This device is intended for medical/forensic screening of urine.

TCPI's One Step™ Urine Drug of Abuse Cannabinoids test consists of a chromatographic absorbent device in which the drug or drug metabolites in the sample compete with a drug conjugate immobilized on a porous membrane support for the limited antibody sites. As the test sample flows up through the absorbent device, the labeled antibody-dye conjugate binds to the free drug in the specimen forming an antibody antigen complex. This complex competes with immobilized antigen conjugate in the positive reaction zone and will not produce a magenta color band when the drug is above the detection level of 50 ng/ml. Unbound dye conjugate binds to the reagent in the control zone, producing a magenta color band, demonstrating that the reagents and device are functioning correctly.

This looks like a 510(k) submission for a drug test, which is a medical device. Here's an extraction of the requested information based on the provided text:

Acceptance Criteria and Device Performance

Note: The document implicitly sets high performance standards by comparing to gold standard methods. The "acceptance criteria" are derived from these reported performance metrics, suggesting that meeting or exceeding these levels was expected.

Study Details

1. Sample Size Used for the Test Set and Data Provenance:

   • In-house testing: 249 individual urine samples. Data provenance is "in house," implying control over the sample collection and characteristics, likely from a lab environment.
   • Broader clinical trial: The specific sample size for the "broader clinical trial in a NIDA certified laboratory" is not explicitly stated in the provided text.
   • Data Provenance: The broader clinical trial was conducted in a "NIDA certified laboratory," suggesting a focus on samples relevant to drug testing in the United States and likely representing prospective or banked samples from that context. The text does not explicitly state if it was retrospective or prospective, but clinical trials generally involve prospective collection or analysis of existing samples for a specific purpose.

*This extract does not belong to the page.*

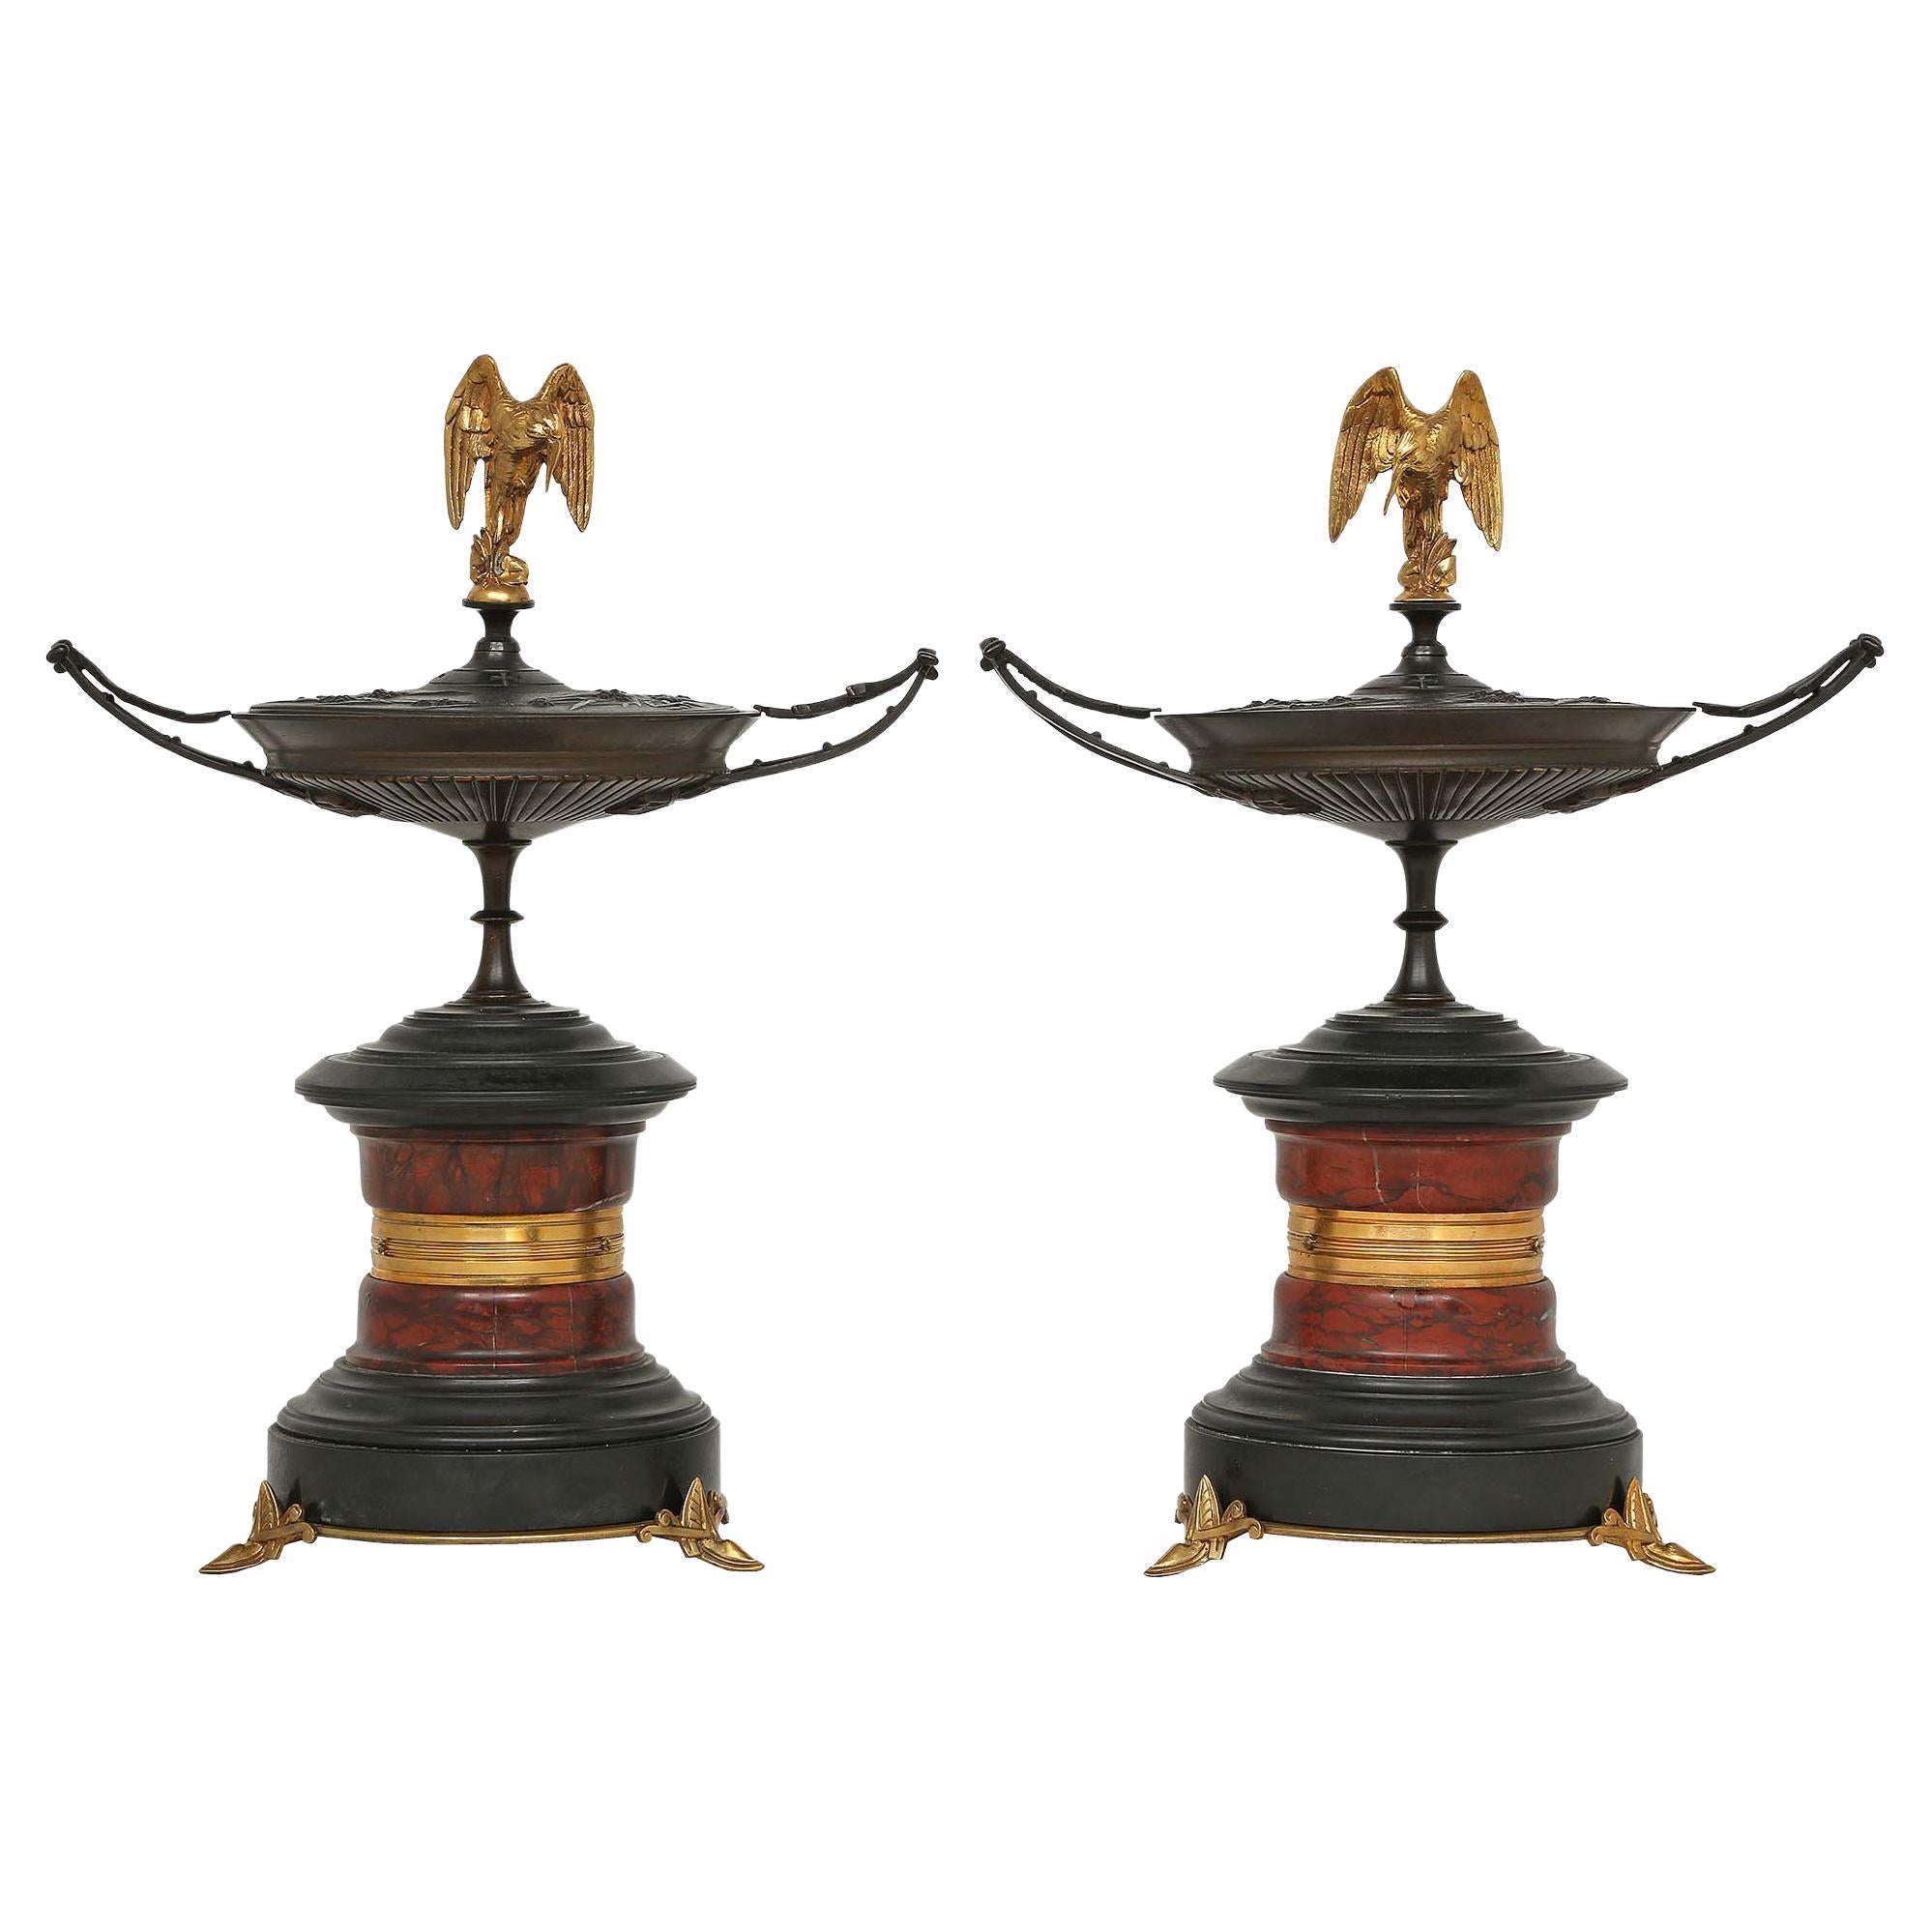 Paar französische Tazzas aus Bronze, Marmor und Goldbronze des 19. Jahrhunderts, mit Deckeln

2. Number of Experts Used to Establish the Ground Truth for the Test Set and Qualifications of those Experts:

   • The ground truth was established by "GC/MS" (Gas Chromatography/Mass Spectrometry). This is a laboratory analytical technique, not human experts. Therefore, the concept of "number of experts" and their qualifications doesn't directly apply in this context for establishing the gold standard.

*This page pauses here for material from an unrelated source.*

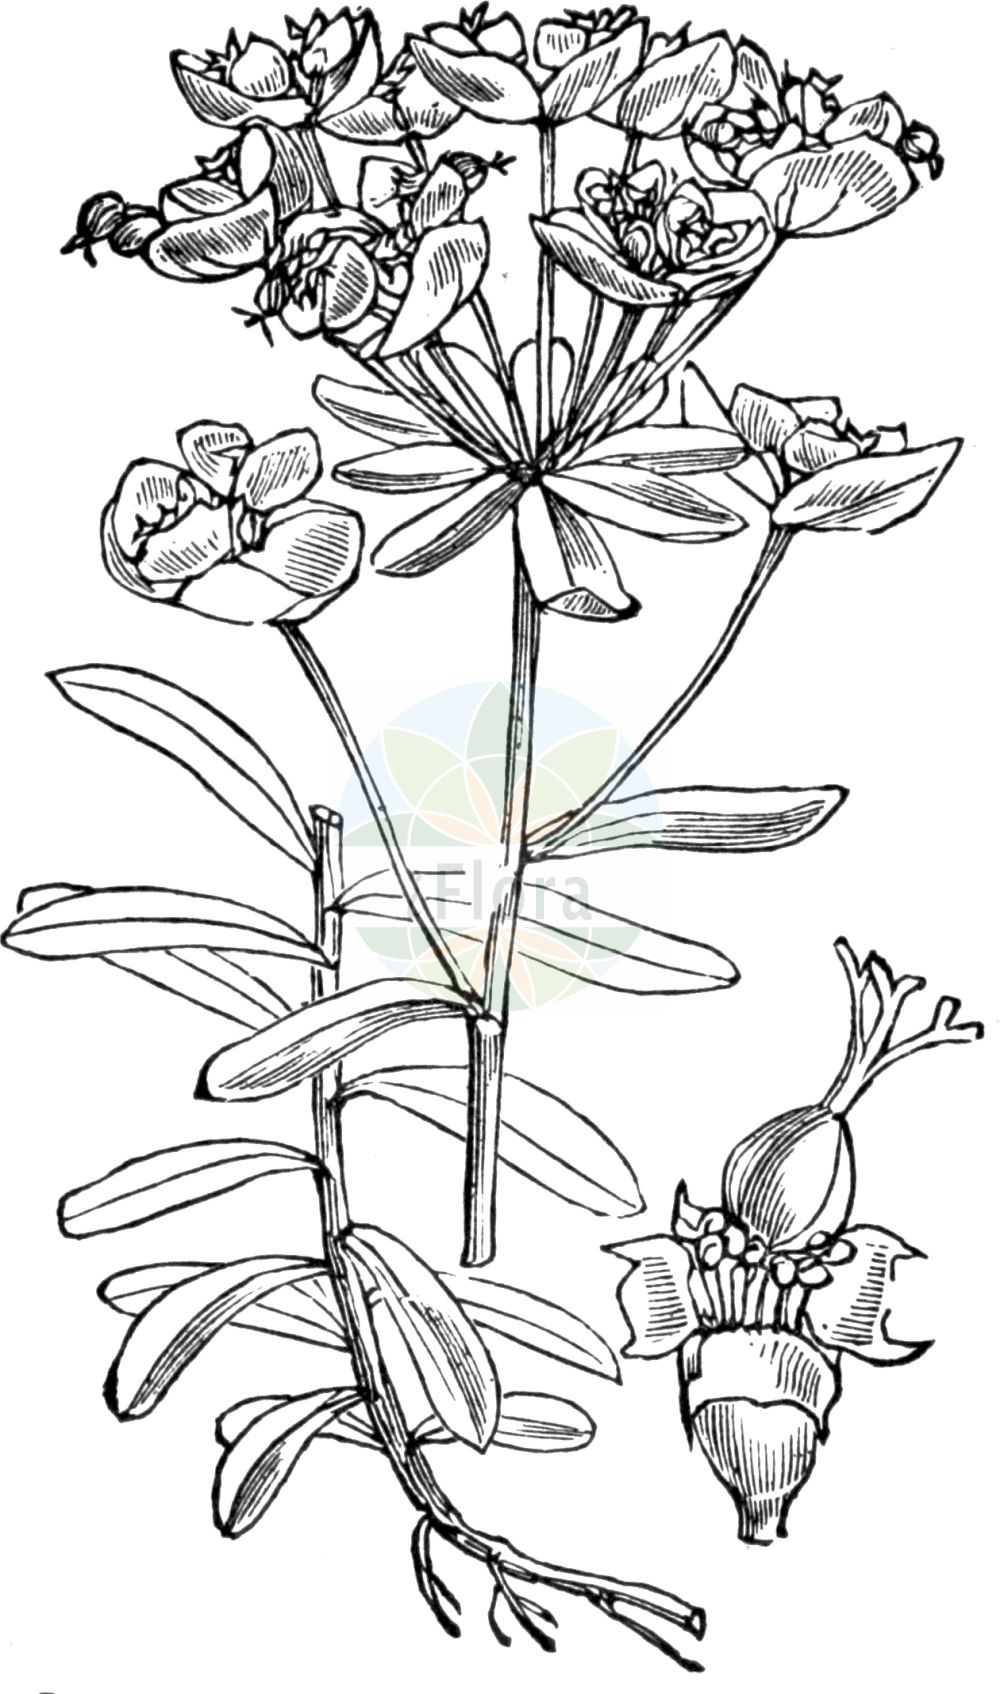 Historische Abbildung von Euphorbia esula (Esels-Wolfsmilch - Leafy Spurge). Das Bild zeigt Blatt, Bluete, Frucht und Same. ---- Historical Drawing of Euphorbia esula (Esels-Wolfsmilch - Leafy Spurge). The image is showing leaf, flower, fruit and seed.(Euphorbia esula,Esels-Wolfsmilch,Leafy Spurge,Euphorbia esula,Euphorbion esulum,Keraselma esula,Tithymalus esula,Esels-Wolfsmilch,Scharfe Wolfsmilch,Leafy Spurge,Euphorbia,Wolfsmilch,Spurge,Euphorbiaceae,Wolfsmilchgewächse,Spurge family,Blatt,Bluete,Frucht,Same,leaf,flower,fruit,seed,Fitch et al. (1880))
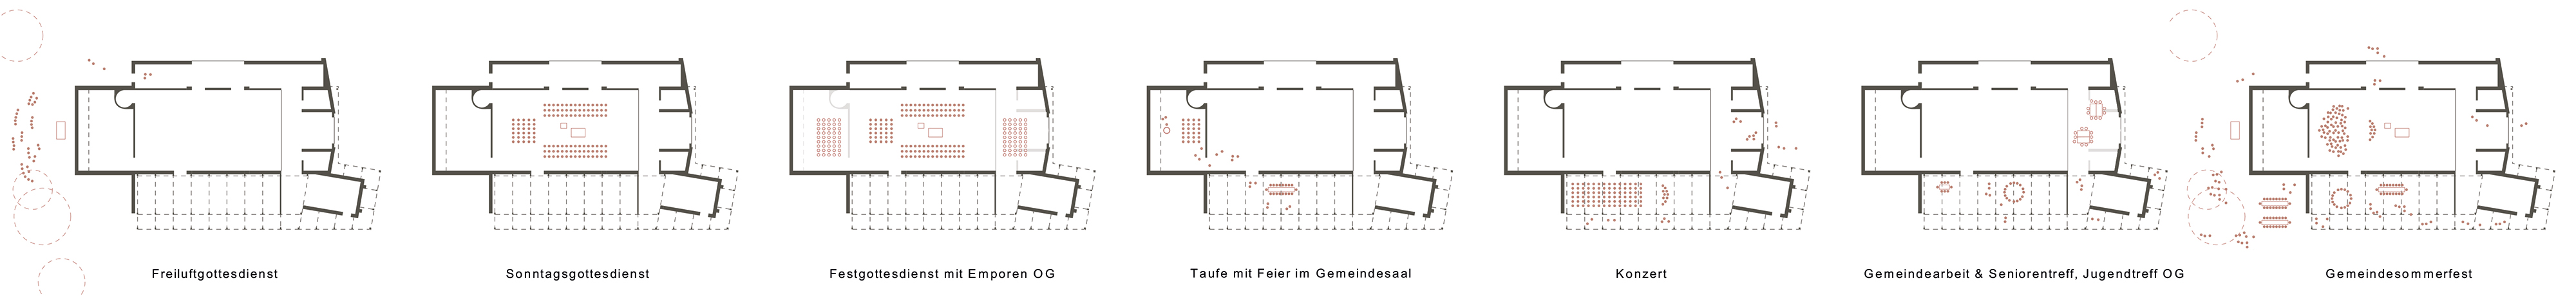 Wettbewerb | Umbau der Kirche zum Gemeindezentrum | Durchhausen

3. Adjudication Method for the Test Set:

   • There was no mention of an adjudication method involving human reviewers. The gold standard was GC/MS, a definitive analytical method, which would not typically require human adjudication for its results.

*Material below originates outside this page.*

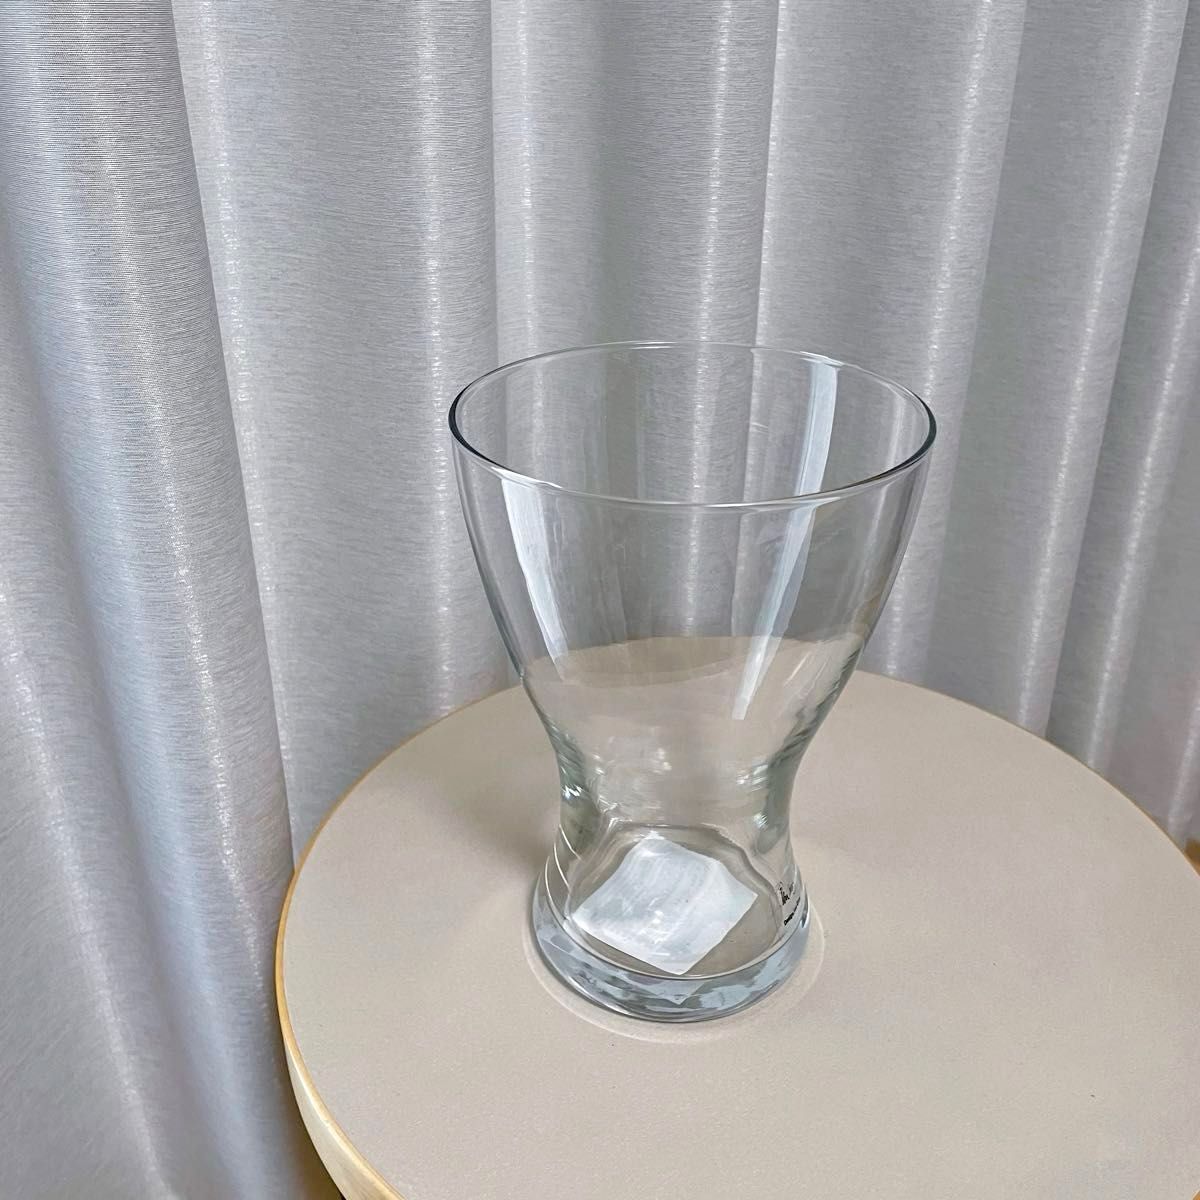 【新品】IKEA イケア フラワーベース 花瓶 クリアガラス 20cm（ヴァーセン）

4. If a Multi-Reader Multi-Case (MRMC) Comparative Effectiveness Study was done:

   • No. The study described compares the device's performance against established analytical methods (Sigma SIA™ THC, Syva Emit, and GC/MS), not against human readers.

5. If a Standalone (i.e. algorithm only without human-in-the-loop performance) was done:

   • Yes, this was a standalone study. The device (One Step™ Urine Drug of Abuse Cannabinoid Test) is a chromatographic absorbent device designed for qualitative testing, meaning it provides a result (presence or absence of drug) without human interpretation of complex images or data. Its performance was measured directly against gold standard laboratory methods.

6. The Type of Ground Truth Used:

   • The primary ground truth used was GC/MS (Gas Chromatography/Mass Spectrometry). This is a highly accurate and definitive analytical method considered a "gold standard" for drug detection and quantification in urine samples. Other reference methods mentioned (Sigma SIA™ THC, Syva Emit) were also used for comparison in the in-house testing.

7. The Sample Size for the Training Set:

   • The provided text does not explicitly mention a separate "training set" or its sample size. The description focuses on the evaluation of the "final product" using "in house testing" and a "broader clinical trial." For a device like this, the development and optimization (which might be considered analogous to training) would precede the final product testing but are not detailed here.

8. How the Ground Truth for the Training Set was Established:

   • Since a training set is not explicitly mentioned, the method for establishing its ground truth is also not described. If development involved iterative testing, it's highly probable that similar laboratory methods like GC/MS would have been used to guide the assay development.